The benchmark palm oil contract for February delivery jumped 1.5% during the Friday session to close the week at MYR2,858/mt ($685.37/mt) – its highest level since September 15, 2017 and up 33% since the start of October.
“Palm oil is moving up as traders expect production to be lower and want to cover shorts,” a broker said, adding that the trade is now eying MYR3,000/mt as the next target.
The production growth in major producers Indonesia and Malaysia has stalled after dry weather this year limited yields, while both governments have extended their biodiesel mandates from the start of next year, forcing traders to scramble to cover shorts.
Yet at the same time, soyoil futures – which generally trade at a premium to the tropical oil – did not rally to the same extent as uncertainty around the ongoing US-China trade war have kept the contract in check.
“CBOT hasn’t followed as much because of a mix of lower soybeans dragging on the soy complex from the unclear US-China trade progress,” Sathia Varqa, the owner and co-founder at Palm Oil Analytics told Agricensus.

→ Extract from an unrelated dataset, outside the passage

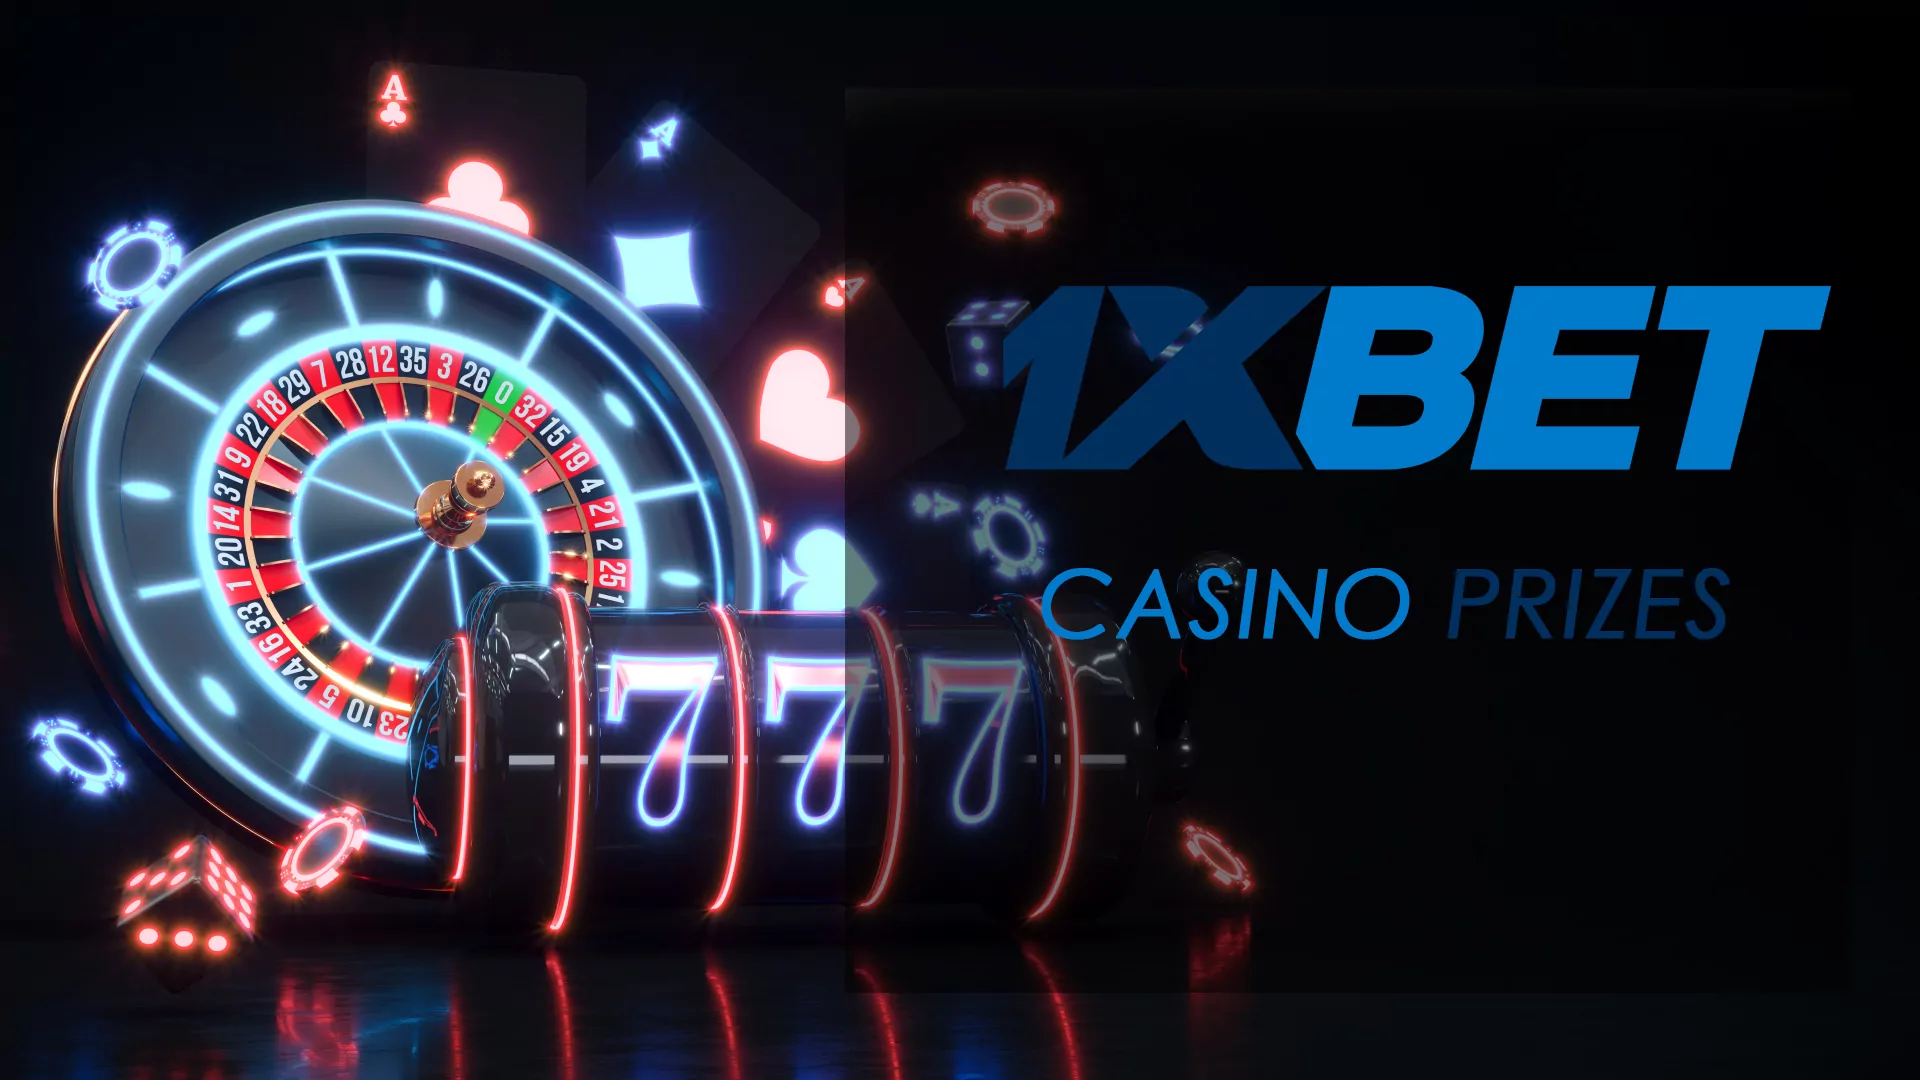 Play online casino to accumulate points and compete for valuable prizes from 1xBet.

The January contract on CBOT was trading at 30.78 ct/lb ($678.59/mt) by the time of press, up nearly 1% from Friday’s open and up 6.5% since the start of October.

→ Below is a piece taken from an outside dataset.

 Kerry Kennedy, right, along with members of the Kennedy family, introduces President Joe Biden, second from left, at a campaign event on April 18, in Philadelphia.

It means that the most liquid palm oil contract is valued at a premium to the most liquid soyoil contract for the first time since February 21, 2011.
Higher palm oil prices, however, are eroding discretionary demand for palm as a biodiesel feedstock as buyers turn to soft oil alternatives, which in turn could stem palm oil’s rally.
“When Asia markets close today crude palm oil will be $100/mt more expensive than gas oil and that is a 25-month high. Biodiesel blenders will either slow down or completely stop blending,” Sathia continued.
Argentina at a premium
While palm oil is trading at a premium on the futures markets, in the cash markets soyoil in number one exporter Argentina is still trading at a premium to the tropical oil as cash values have rallied to over a two-year high.
Argentine soyoil for January shipment was valued at a 1.9 ct/lb premium to the CBOT futures, or equivalent to $720.5/mt FOB Up River.
Levels rallied on the back of firm demand from India and China buyers as they seek to buy more soyoil versus palm.
“Palm oil futures are at a premium now but in the FOB market, soyoil is still the king,” a second broker said.